The rail minister and her opposition counterpart laid out their visions for rail in front of hundreds of delegates at the West Coast Partnership Stakeholder Conference.
Both could agree on one thing: rail had to change and in a way that kept the customer in mind.
Neither held back on their opinions. Rail minister Wendy Morton described the industry as, if it was a patient, being in need of A&E. Meanwhile, shadow transport minister Tan Dhesi said passengers shouldn’t need a second mortgage to go from Manchester to London.
Morton began with her message to delegates, saying that: “This is an existential moment for our railways. Nationally, passenger levels remain at 75% of pre-pandemic levels.
“Revenues are down, and costs remained high for years. The current operating model has proven ineffective. We’ve seen franchise failures, a timetable collapse and falling passenger satisfaction.
“This cannot continue. If the industry were a patient, we’d have already wheeled it into A&E. And COVID has only increased the urgency with which we need to act.”
She outlined the need to be there for customers: “Speaking as someone who has run a business. I know the first rule is to meet your customer where they are. If their needs and expectations change, you must change with them; only 5% of passengers now use an annual season ticket.”
She drew attention to rail’s recovery, arguing that the current numbers suggest that the industry’s current way of doing business is lagging behind a lower passenger demand. “A business model centred on the morning commute has overnight become out of date,” she said. “The industry must respond to this new normal, and that’s why we’ve already sold 200,000 flexible season tickets, giving passengers more freedom to choose when they travel.

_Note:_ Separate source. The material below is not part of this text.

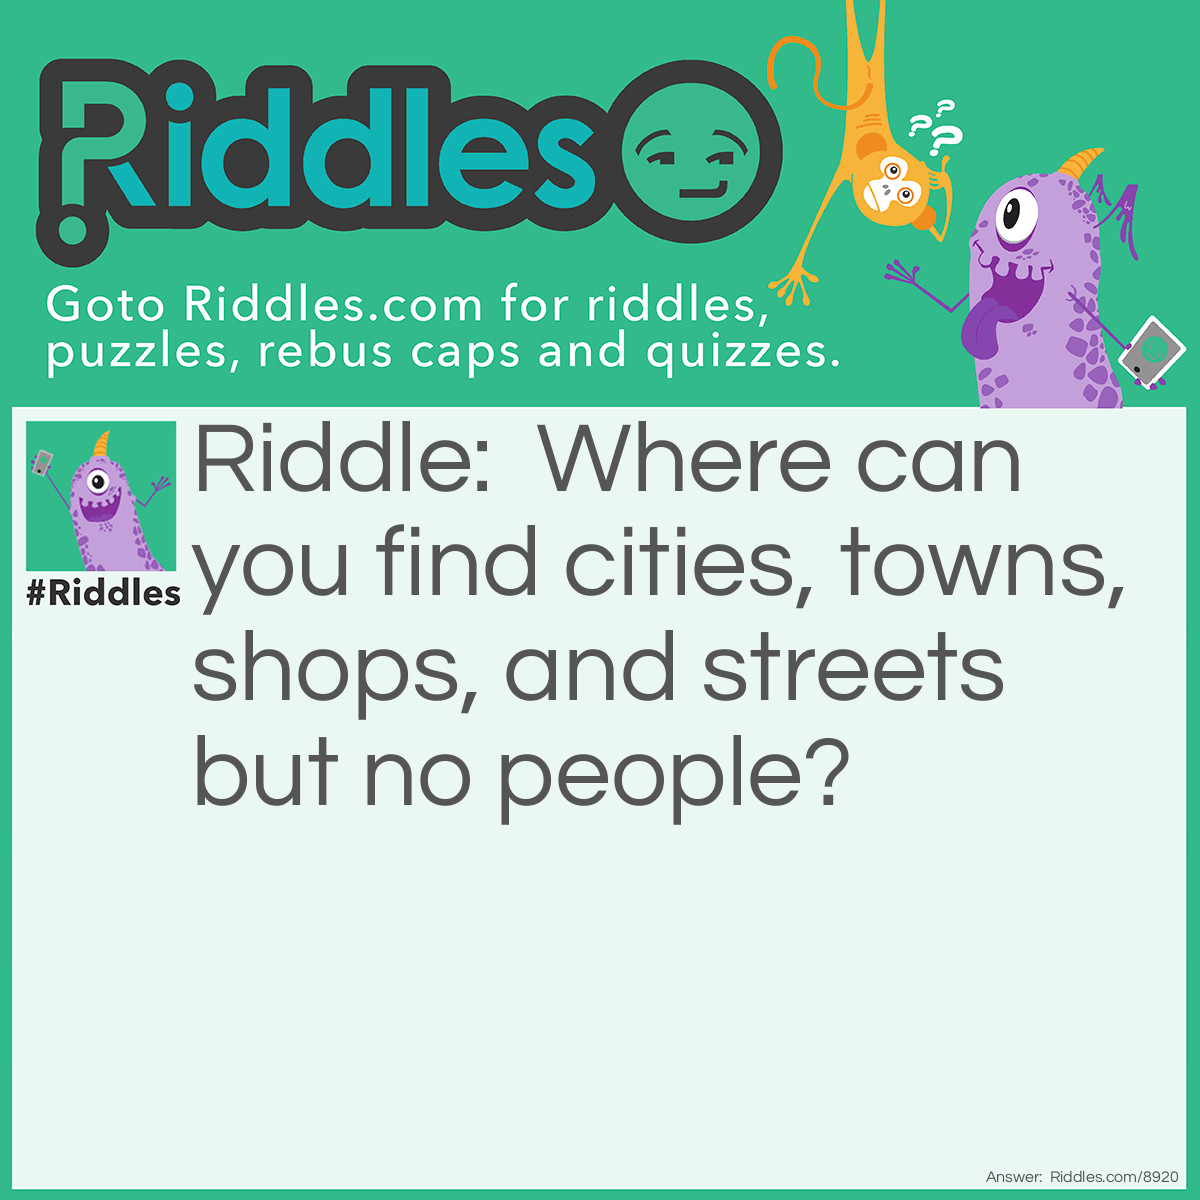 Riddle: Where can you find cities, towns, shops, and streets but no people? Answer: A map.

We’re simplifying journeys through contactless.”
She said ticketing was just one element of improving services and praised the West Coast Partnership for investing £117 million in the UK’s biggest ever train fleet upgrade. She was also thrilled to hear of its plans to replace its current diesel trains with new electric and bimodal options.

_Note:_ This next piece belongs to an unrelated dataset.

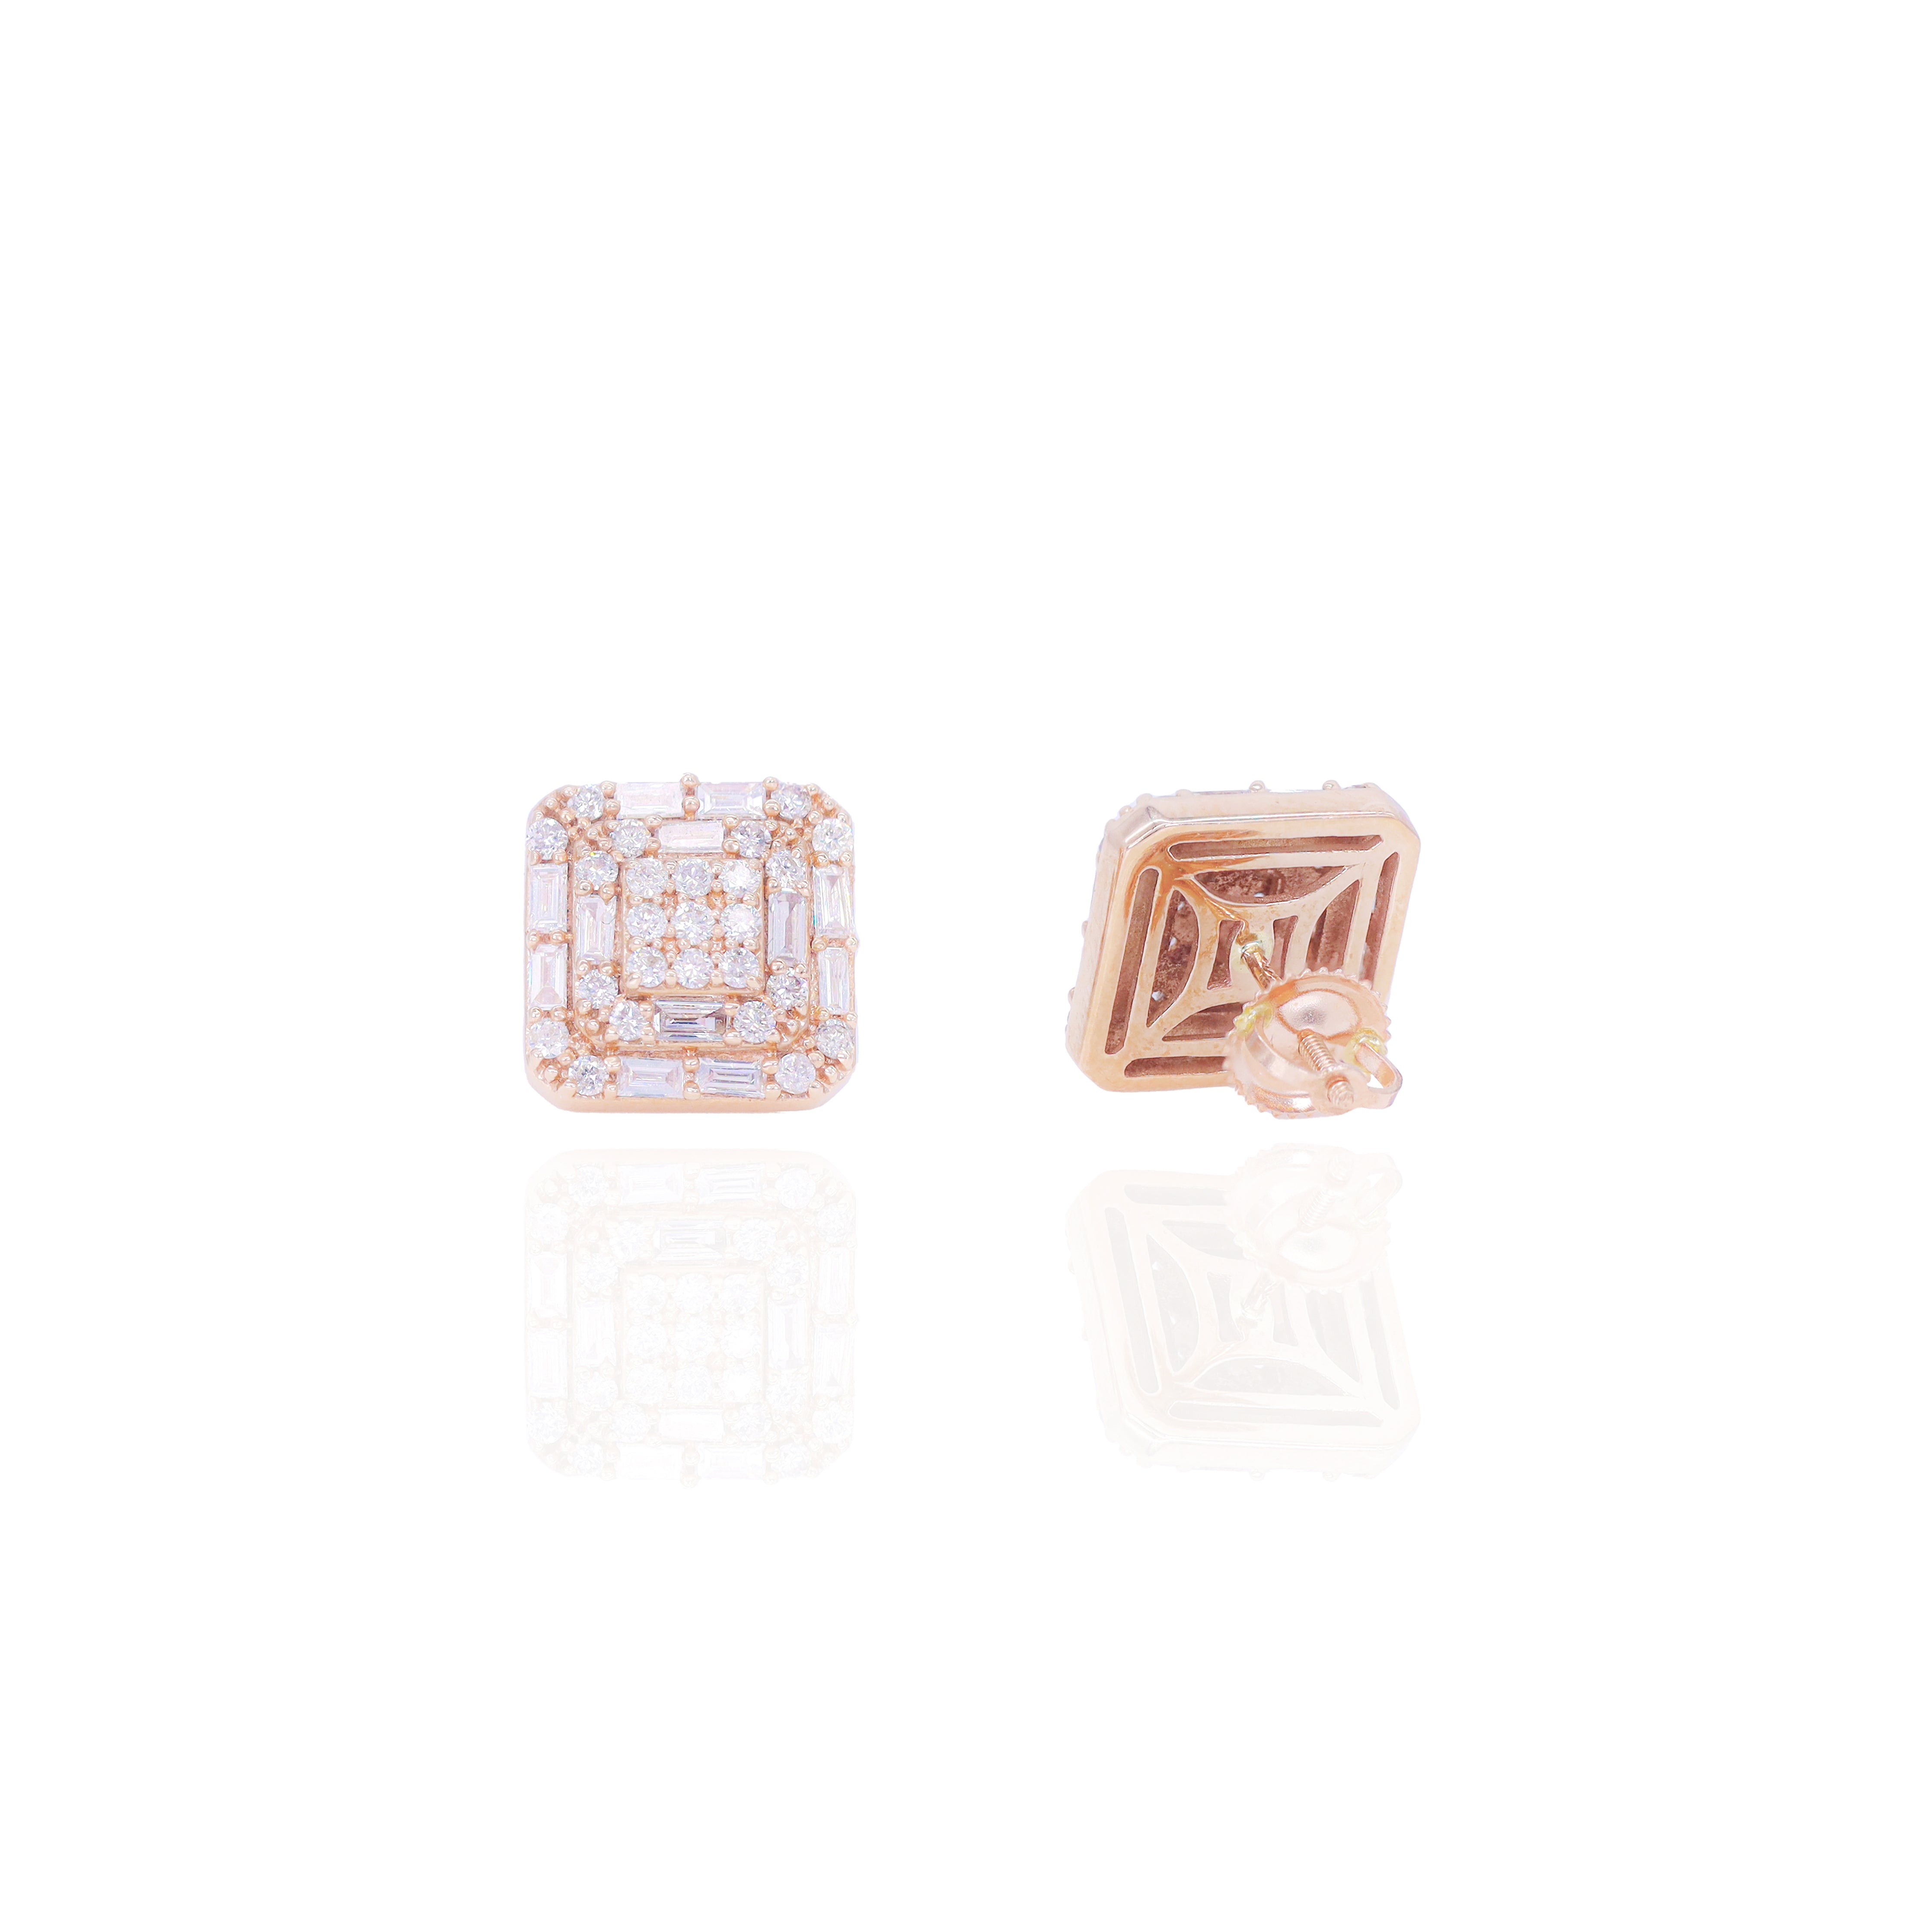 Square Shaped Round & Baguette Diamond Earrings

She said the Integrated Rail Plan would help bring better, faster services that would positively impact local economies.
She promised that new contracts, replacing the current franchise model, would not be one-size-fits-all but adapt to the communities they serve.
She said: “I mentioned earlier that the current model has had its day. The need to focus on the passenger has been overtaken by a lack of accountability and a blame game amongst various parts of the industry. Franchising has hindered innovation and forced operators to take on complex long-term revenue modelling.
“Avanti West Coast, I’m sure, will help us seamlessly bridge the gap between the current arrangements and a future commercial model.
“A leading world economy needs a reliable, resilient and efficient rail network, one that continues to shape our lives in a positive way as it has done for 200 years.”
Tan Dhesi effectively reinforced Morton’s sentiments that rail would be at the centre of a strong economy. He said: “Pre-pandemic, in 2019, the railway supported 42.9 billion pounds of economic production and 710,000 jobs. It provided £14.1 billion in tax revenues, and for every one pound of activity on the railway, £2.50 of income was generated along the supply chain.
“And on our railways, productivity and wages are higher than the economy-wide average in every region. Clearly, our industry is key to economic prosperity.”
But he suggested Labour would diverge greatly from the government on electrification progress, as well as on the Integrated Rail Plan: “We will do what the government have failed to do and deliver a rolling programme of rail electrification that we’ve seen work to great success in other European nations, and we would complete the Northern Powerhouse Rail and HS2 in full, including the now-scrapped eastern leg to Leeds.
“Connectivity — or the lack of it — between our great northern cities is an insult, I feel, to the people who live there and holds back economic growth in the north.”
He added: “Rail travel must be a cost-effective option for all, with clear ticketing policies across the network.
“If we can roll out a nationwide vaccine programme, I am sure that we can make it easy to travel from Manchester to London without the need for somebody to take out a second mortgage.
“We need long-term planning, especially around issues of workforce. We can’t wait for the RNEP for well over 900 days when it should be published annually.
“And we need to ensure that we replace the generation of railway men and women who are coming up to retirement: recruiting and supporting apprentices and trainees to replace them.”
If Morton set out the importance of meeting customers where they were, Dhesi set out the importance of meeting political structures where they operate: “We need to work with the new topography of the British Constitution: city regions, city mayors, enhanced devolution to Scotland and Wales to make rail systems locally accountable and regionally integrated.
“Buses, trams and trains should be in sync, both on timetable and ticketing. Ensure that the ease of the oyster system is not just reserved to London.
“What we cannot do, though, is simply replace one outmoded system or franchising with another under great British Railways. We need a bold new vision for the future of our railways.”